Research Note ยท Verification and Vagueness

Three-Valued Logic as a Verification Layer for Fuzzy Data

The aim is not to eliminate fuzziness, but to build a formal verification layer that remains inferentially stable when predicates are borderline, weakly grounded, or semantically underdetermined.

Three-valued logic Verification Vagueness

One of the most promising directions in current work on vagueness is not the attempt to eliminate fuzziness altogether, but to build formal systems that remain inferentially stable when predicates are borderline, weakly grounded, or semantically underdetermined. That is the core motivation of an ongoing research program around three-valued logic: not to solve higher-order vagueness once and for all, but to develop a usable verification framework for arguments, data, and results produced under fuzzy conditions.

The key starting point is a negative result. Standard degree-theoretic approaches, especially those associated with many-valued semantics, are often attractive because they track graduality. A predicate such as is red, is safe, or is clinically significant does appear to admit cases that are more or less fitting. But Edgington's criticism remains decisive: numerical truth degrees do not, in general, preserve the inferential role of statements in context. Two premises can receive the same scalar values while supporting materially different conjunctions, disjunctions, or conditionals. The problem is not merely representational. It is structural. Once generalized truth-functionality fails, verification becomes unstable.

That failure is precisely where the three-valued proposal becomes interesting. Instead of adding more granularity, it reduces the semantic space to the smallest non-bivalent extension that still tracks borderline cases. The valuation space is restricted to V = {0, 1/2, 1}, where 1 marks validated truth, 0 marks validated falsity, and 1/2 marks a genuine borderline status. The formal goal is not metaphysical completion. It is conservative extension. Classical logic should remain intact on crisp cases, while fuzzy cases receive an explicit third status rather than being forced into premature bivalence.

The resulting framework inherits standard many-valued machinery, but only in its discrete form. The novelty is not that these clauses are mathematically exotic. It is that, once restricted to three values, they recover a much stronger form of compositional discipline than dense degree semantics typically can. In other words, the framework gives up fine-grained scores in order to retain a more robust inferential architecture.

This matters for verification. In practical systems, the hard problem is rarely that we lack enough decimal points of uncertainty. The harder problem is that noisy or vague inputs are routinely converted into outputs that look more precise than the warrant allows. A three-valued verifier blocks exactly that failure mode. It lets a system distinguish between three formally meaningful states: accepted, rejected, and unresolved. That third state is not rhetorical caution. It is a semantic value with rules of propagation.

That makes the framework directly relevant to data validation and result checking in fuzzy environments. Suppose the relevant predicates are records match, sample is contaminated, model output is safe, or evidence supports claim C. In all of these settings, a binary validator is too coarse, because borderline cases are real and operationally important. But a continuous fuzzy score is often too weak as a basis for validation, because it does not guarantee inferential stability across compound claims.

The broader research program, then, is not just philosophical. It is methodological and computational. The aim is to design logics for environments in which predicates are semantically fuzzy but reasoning still needs to be audited.

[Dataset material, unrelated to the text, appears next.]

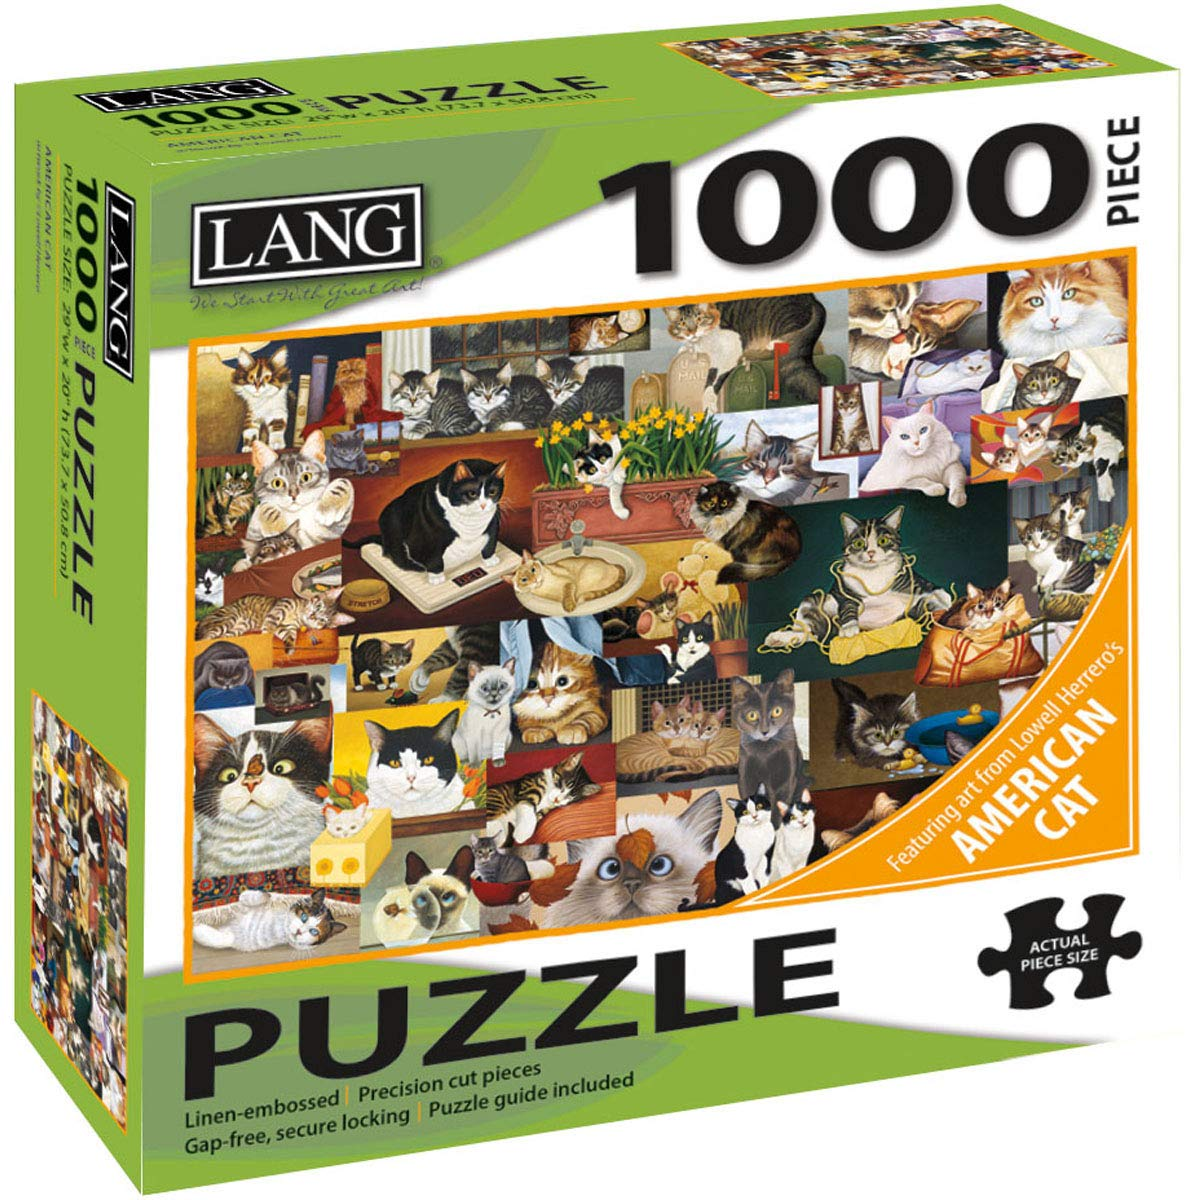 American Cat NOTIB 5038025 LANG Jigsaw Puzzle 1000 Pieces

That includes database integrity under weak labels, AI-system evaluations under ambiguous criteria, scientific inference under noisy thresholds, and policy reasoning where legal or ethical categories are not cleanly partitioned.

The central hypothesis is that three-valued logic may supply a better validation layer than either strict bivalence or unconstrained fuzzy semantics: stronger than binary classification where the world is not binary for us, and more disciplined than dense degrees where inferential compositionality matters.

There is an obvious limitation. Three-valued logic does not defeat higher-order vagueness. Borderlines of borderlines remain. But this is not a defect in the research program; it is one of its clearest methodological commitments. The relevant benchmark is not complete metaphysical elimination of vagueness. The benchmark is whether a formal system improves validation under conditions of unavoidable fuzziness while preserving as much truth-functionality as possible. On that benchmark, three-valued logic is not a final answer. It is a credible path forward.